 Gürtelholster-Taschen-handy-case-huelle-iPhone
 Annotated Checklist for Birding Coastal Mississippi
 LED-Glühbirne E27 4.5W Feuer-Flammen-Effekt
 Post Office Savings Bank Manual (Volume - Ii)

--

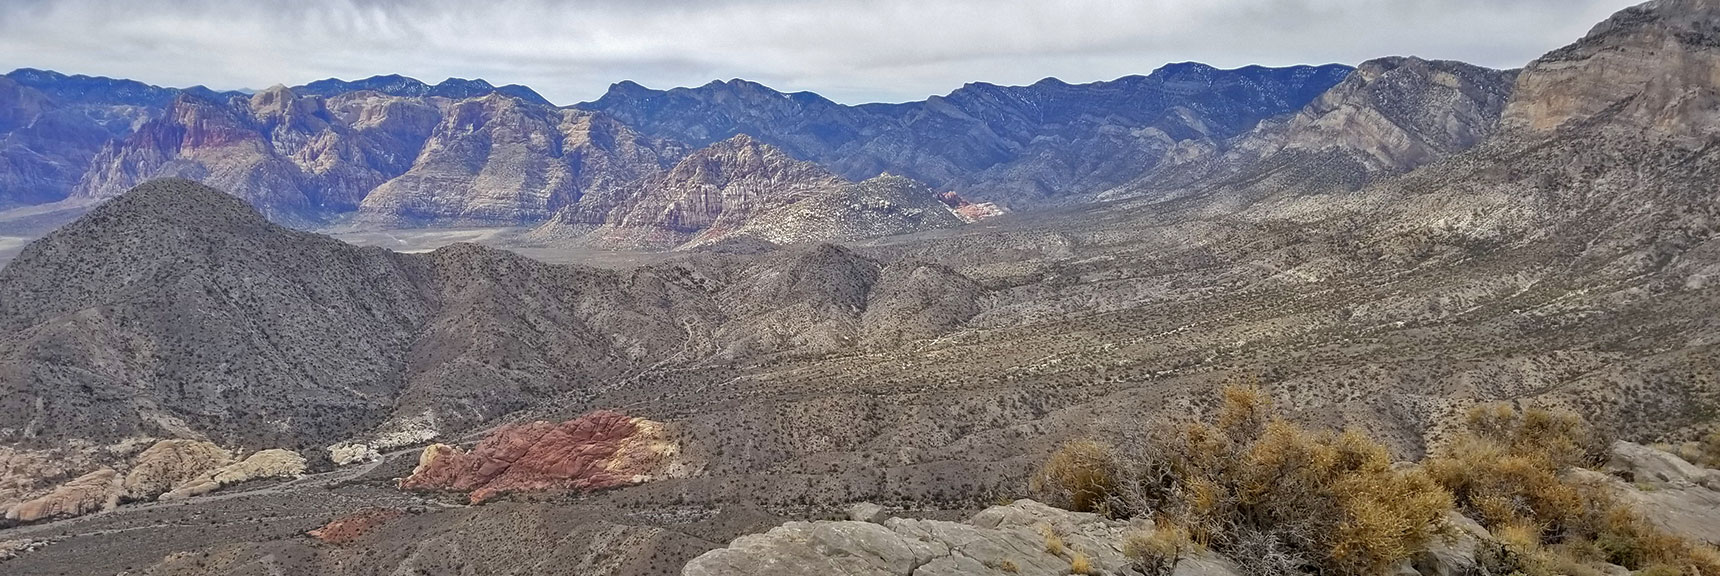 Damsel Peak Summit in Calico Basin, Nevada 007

THE PROBLEM =>
When the line with "Annotated Checklist for" is reached in the data above, begin copying, and stop after the line with "Post Office Savings"; copy each line exactly, both ends included.

ANSWER SECTION =>
 Annotated Checklist for Birding Coastal Mississippi
 LED-Glühbirne E27 4.5W Feuer-Flammen-Effekt
 Post Office Savings Bank Manual (Volume - Ii)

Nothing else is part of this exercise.